In this project, I focused on benchmarking various machine learning models, deep learning architectures, and fine-tuned BERT-based models to evaluate their performance across multiple metrics. The aim was to establish a robust and efficient framework for text classification tasks, ultimately improving the overall accuracy of predictions by 25%.
-
Data Collection:
- Scraped data from Twitter using
BeautifulSoup
(BS4), collecting tweets related to a specific domain for text classification tasks. - Preprocessed the scraped data to clean, tokenize, and transform it for effective model training.
- Scraped data from Twitter using
-
Machine Learning Models:
- Benchmarked traditional ML models, including:
- Logistic Regression
- Support Vector Classifier
- Decision Tree Classifier
- Random Forest Classifier
- Gradient Boosting Classifier
- AdaBoost Classifier
- XGBoost Classifier
- Benchmarked traditional ML models, including:
-
Deep Learning Architectures:
- Evaluated the performance of deep learning models:
- LSTM (Long Short-Term Memory)
- Bi-LSTM (Bidirectional LSTM)
- GRU (Gated Recurrent Unit)
- Evaluated the performance of deep learning models:
-
Fine-Tuned BERT-Based Models:
- Implemented and fine-tuned transformer-based models, including:
- BERT
- RoBERTa
- ALBERT
- DistilBERT
- Employed QLoRA-based fine-tuning on the Phi-2 model to enhance its performance.

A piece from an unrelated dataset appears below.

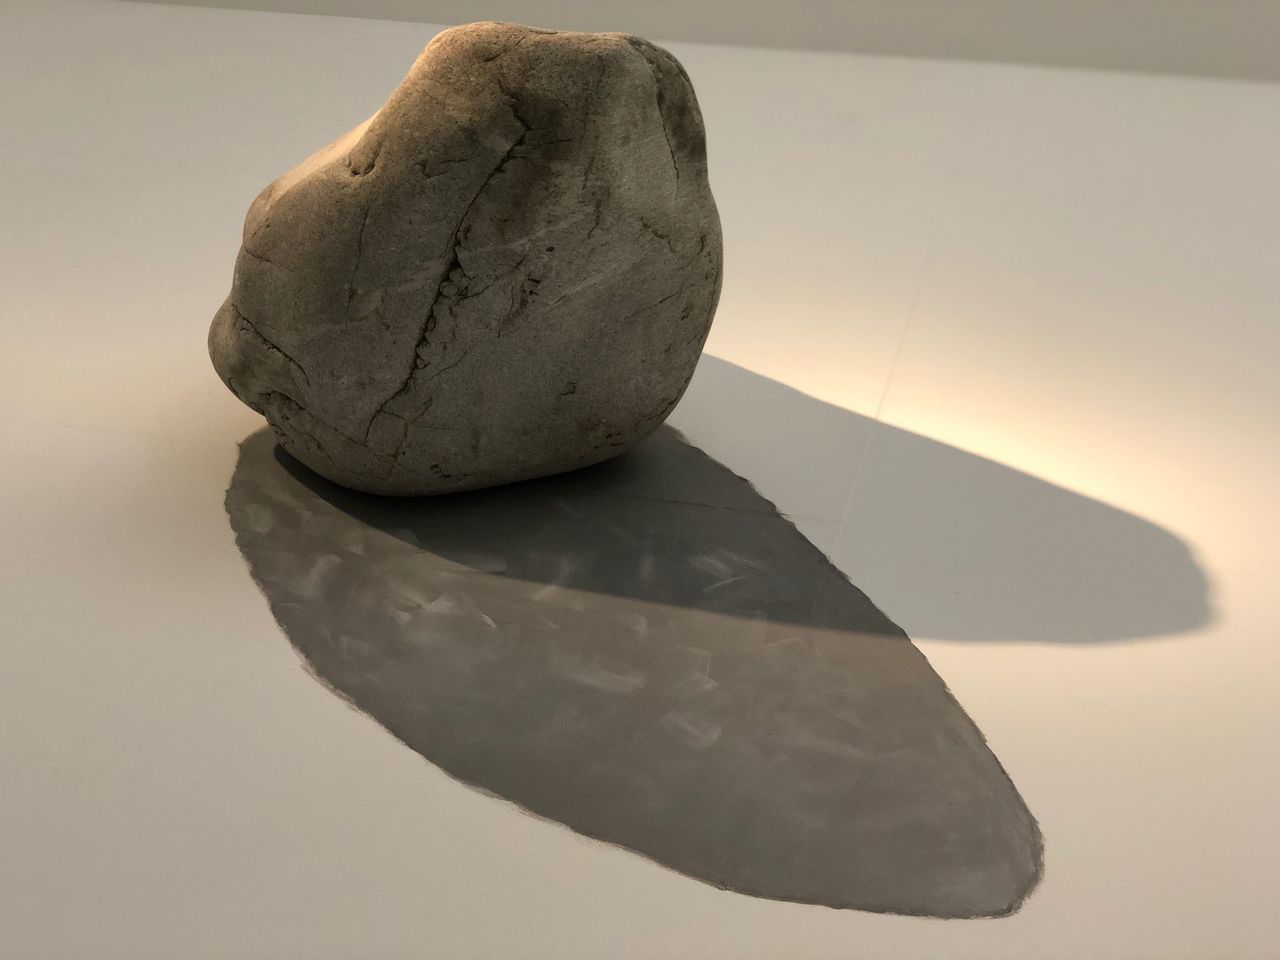 CLOSE-UP OF ROCK ON TABLE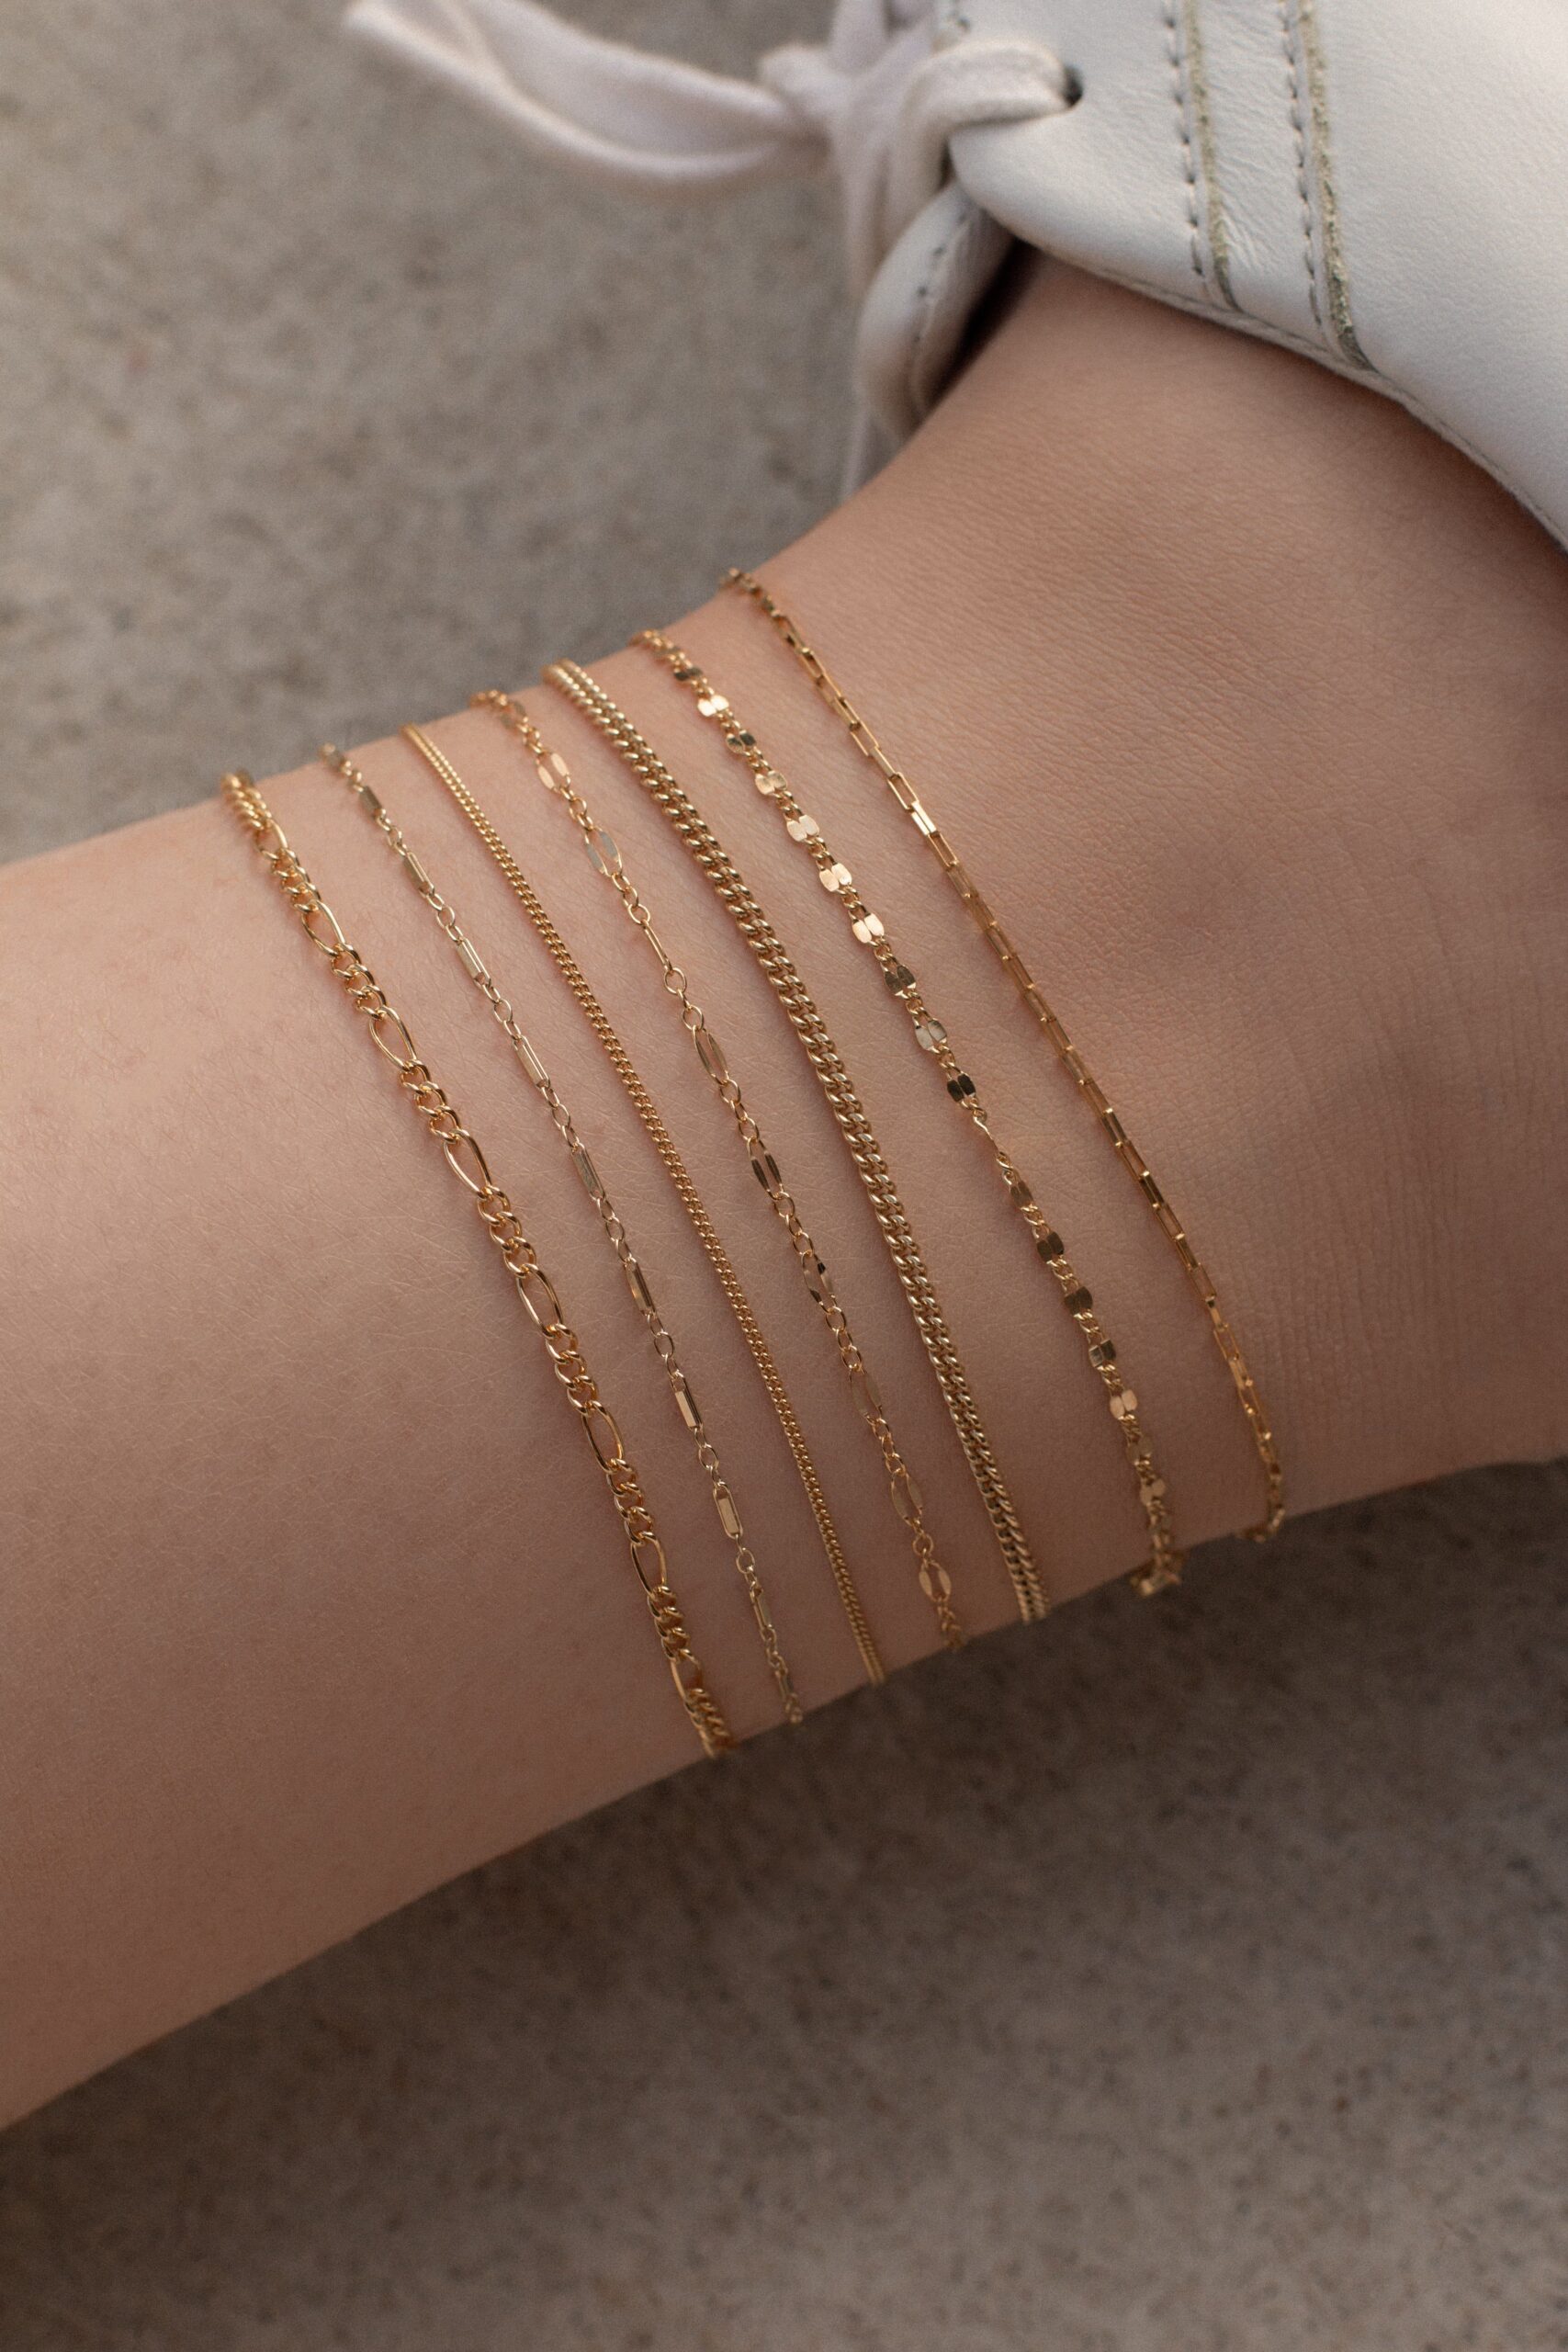 Beautiful designs of gold anklet to look appealing

- Implemented and fine-tuned transformer-based models, including:
-
Performance Metrics:
- Evaluated models on the following metrics:
- Accuracy
- Precision (Macro and Weighted)
- Recall (Macro and Weighted)
- F1-Score (Macro and Weighted)
- Evaluated models on the following metrics:
-
Achievements:
- Improved the best-performing model’s accuracy by 25% through advanced fine-tuning and hyperparameter optimization.
- Achieved consistent performance with BERT-based models, maintaining 91% accuracy across multiple datasets.
Model | Accuracy | Precision (Macro) | Recall (Macro) | F1 (Macro) | Precision (Weighted) | Recall (Weighted) | F1 (Weighted) |
---|---|---|---|---|---|---|---|
Logistic Regression | 0.75 | 0.58 | 0.67 | 0.59 | 0.86 | 0.75 | 0.79 |
Support Vector Classifier | 0.75 | 0.54 | 0.60 | 0.55 | 0.83 | 0.75 | 0.78 |
Decision Tree Classifier | 0.72 | 0.51 | 0.53 | 0.51 | 0.79 | 0.72 | 0.75 |
Random Forest Classifier | 0.83 | 0.59 | 0.60 | 0.59 | 0.82 | 0.83 | 0.82 |
Gradient Boosting Classifier | 0.75 | 0.57 | 0.63 | 0.57 | 0.84 | 0.75 | 0.79 |
AdaBoost Classifier | 0.71 | 0.54 | 0.59 | 0.54 | 0.83 | 0.71 | 0.76 |
XGBoost Classifier | 0.81 | 0.59 | 0.62 | 0.60 | 0.83 | 0.81 | 0.82 |
LSTM | 0.73 | 0.57 | 0.54 | 0.51 | 0.85 | 0.73 | 0.77 |
Bi-LSTM | 0.75 | 0.55 | 0.63 | 0.57 | 0.85 | 0.75 | 0.78 |
GRU | 0.79 | 0.57 | 0.66 | 0.60 | 0.85 | 0.79 | 0.81 |
BERT | 0.91 | 0.76 | 0.69 | 0.71 | 0.90 | 0.91 | 0.90 |
roBERTa | 0.91 | 0.75 | 0.72 | 0.74 | 0.90 | 0.91 | 0.90 |
ALBERT | 0.91 | 0.76 | 0.66 | 0.67 | 0.90 | 0.91 | 0.91 |
DistilBERT | 0.91 | 0.79 | 0.73 | 0.75 | 0.91 | 0.91 | 0.91 |
Phi-2 (QLoRA Fine-Tuned) | 0.90 | 0.75 | 0.68 | 0.70 | 0.89 | 0.90 | 0.89 |
- Data Collection: BeautifulSoup (BS4), Python for scraping and preprocessing.
- Modeling: Scikit-learn, TensorFlow, PyTorch, and HuggingFace Transformers.
- Fine-Tuning: QLoRA-based approach for parameter-efficient fine-tuning of large language models like Phi-2.
- Visualization: Matplotlib and Seaborn for plotting evaluation metrics.
The project demonstrated the superior performance of BERT-based models, particularly after applying QLoRA-based fine-tuning on Phi-2, which outperformed traditional machine learning and standard deep learning models across all key metrics. Random Forest and XGBoost were the top-performing ML models, while GRU showed the best results among deep learning approaches.